What Is a Polyp in the Uterus?

Medically reviewed on 13 July 2026 - Dr. Senai Aksoy
What Is a Polyp in the Uterus?

Key Takeaways

A polyp in the uterus is usually a benign overgrowth of the endometrial lining. Some cause no trouble; others cause bleeding or occupy space where an embryo needs to implant. Management depends on symptoms, size, location, and pregnancy plans — not on the word “polyp” alone.

Why a polyp in the uterus sits on the fertility checklist

Most uterine polyps — also called endometrial polyps — are benign. That sentence should come first, because the word “polyp” frightens people more than the lesion often deserves.

Still, a polyp in the uterus can disrupt bleeding or sit where an embryo needs to implant. These growths come from the lining of the womb. Some are tiny and found by chance. Others cause spotting, heavy periods, or concern before IVF. When the lesion is clearly non-cancerous, reports may say “benign endometrial polyp.” The fertility question is less about the label and more about whether it occupies the cavity.

The diagnosis sounds simple. The next decision is not automatic. Is it causing symptoms? Is fertility a goal? Is removal likely to change the next step?

What is a polyp in the uterus?

It is a localized overgrowth of endometrial tissue — not a fibroid.
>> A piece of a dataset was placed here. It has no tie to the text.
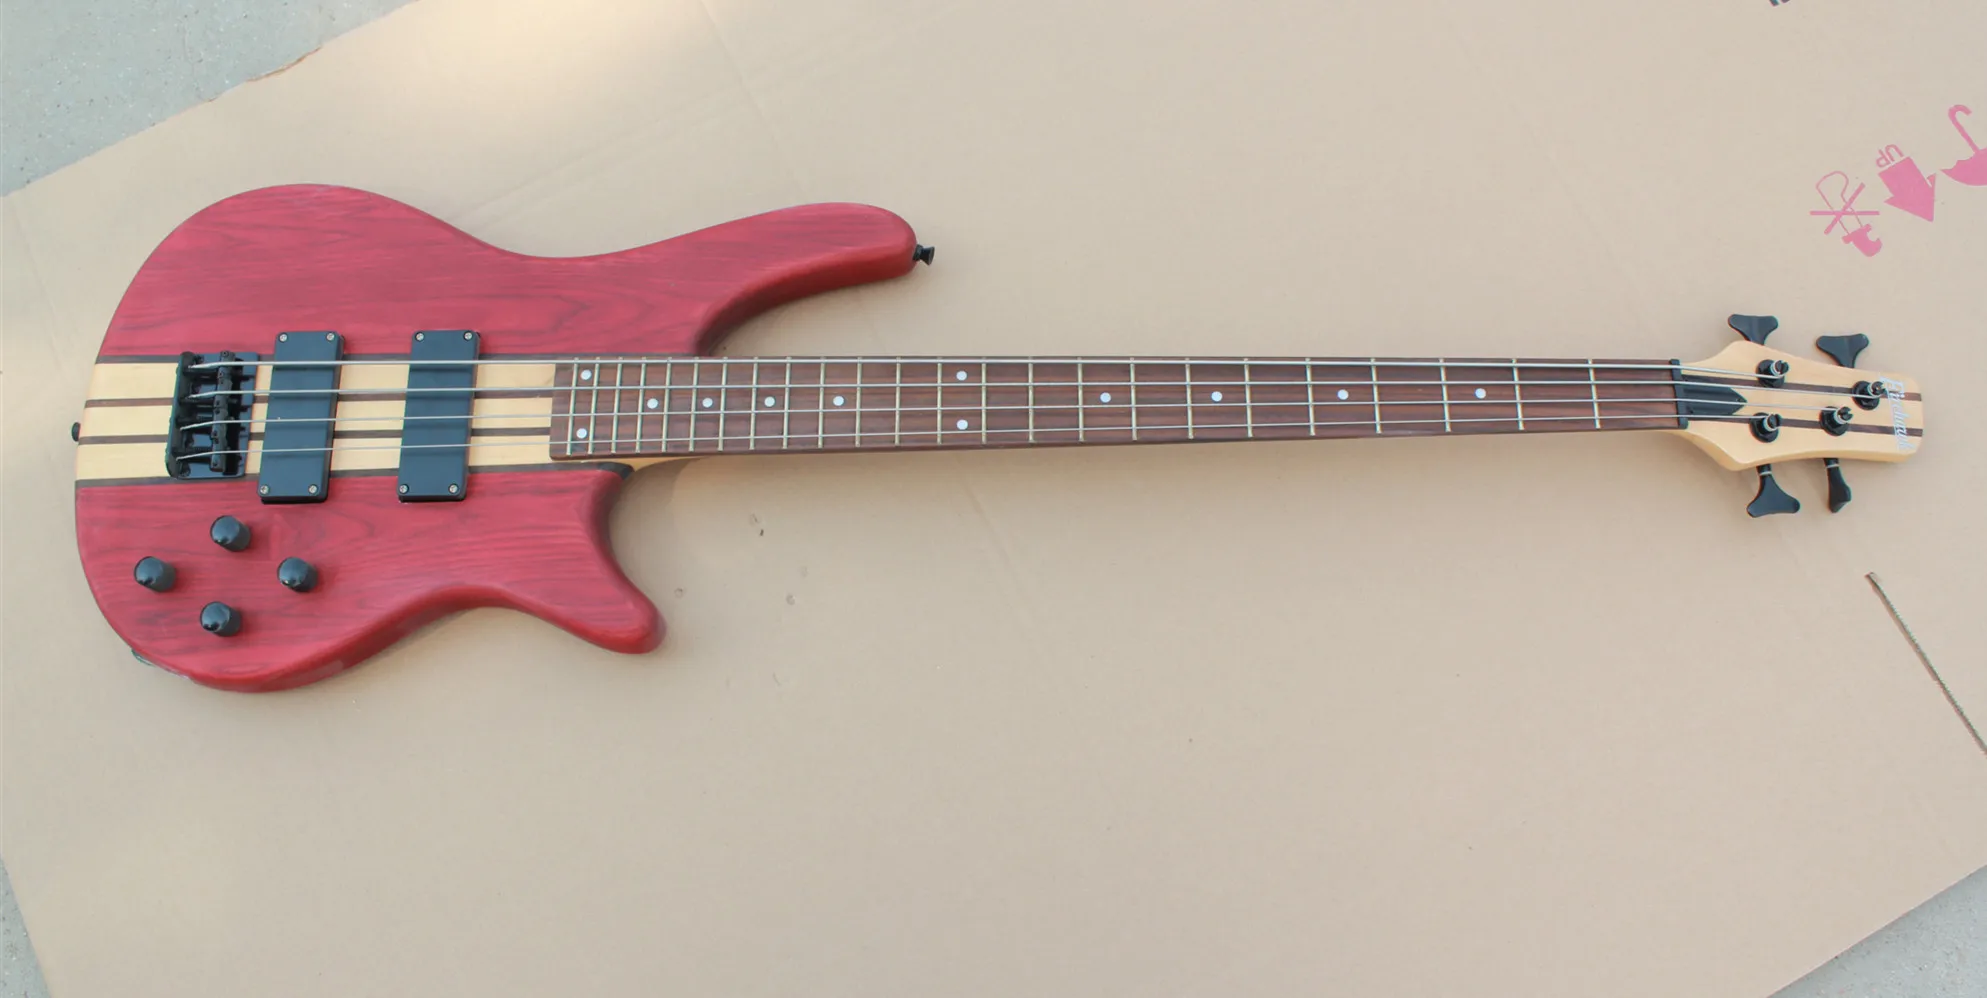 Электрическая гитара бас 4 струны матовый красный цвет HH звукосниматели палисандр гриф paypal доступны! Bs-29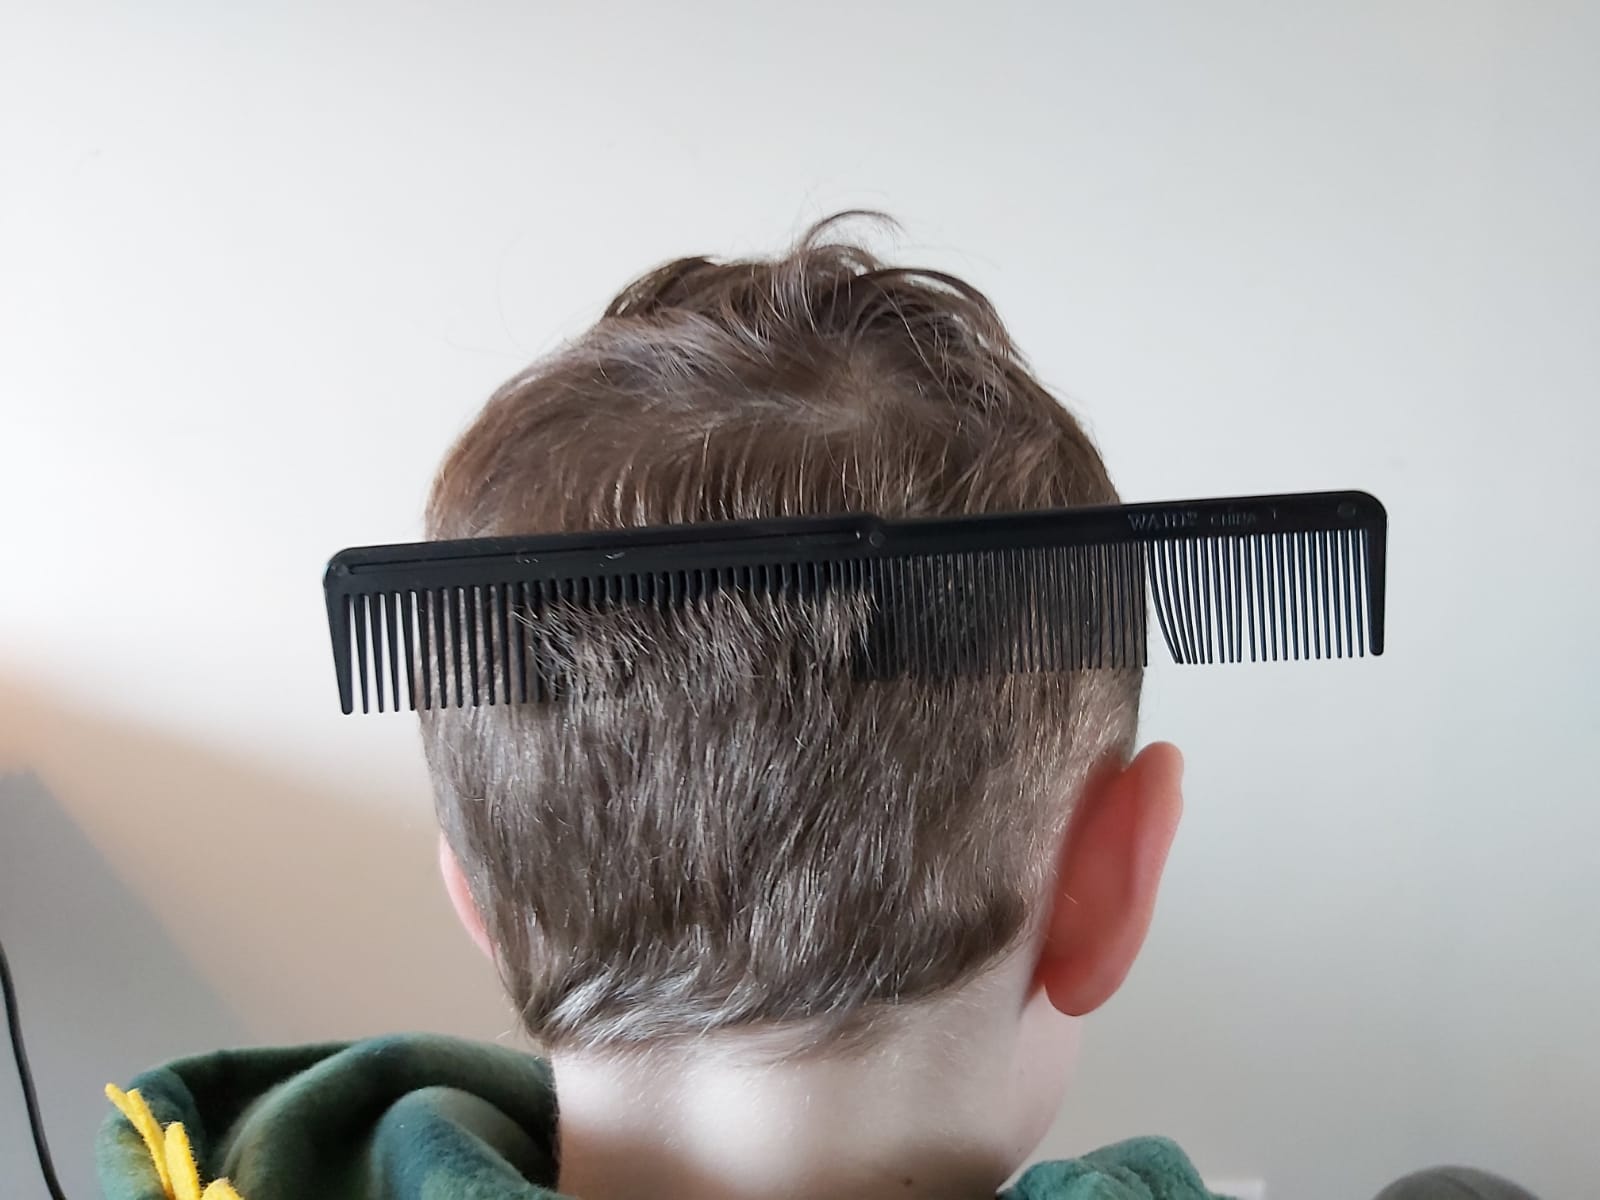 bijeenkomst bewijs Boer zelf haren van je kind knippen zo doe je dat met kort en lang haar

Uterine endometrial polyps grow from the lining into the cavity; that is what people usually mean when they ask about polyps of the uterus.

Polyps may be broad-based or attached by a thin stalk. They can be millimetres across or large enough to distort the cavity.

Uterine polypsFibroids
OriginEndometrial liningMuscular wall of the uterus
Link to the cavityDirect — often sits where implantation occursOnly some fibroids bulge into the cavity
Usual removalOften hysteroscopic polypectomyDepends on size and location

That difference matters in fertility care because the cavity is the implantation room. A benign endometrial polyp can still be a mechanical problem when it occupies that room.

What can cause them

They are thought to respond to estrogen and other hormones, though a single cause is not always found. They turn up more often with irregular bleeding, perimenopause or menopause, obesity, tamoxifen exposure, or other hormonal imbalance.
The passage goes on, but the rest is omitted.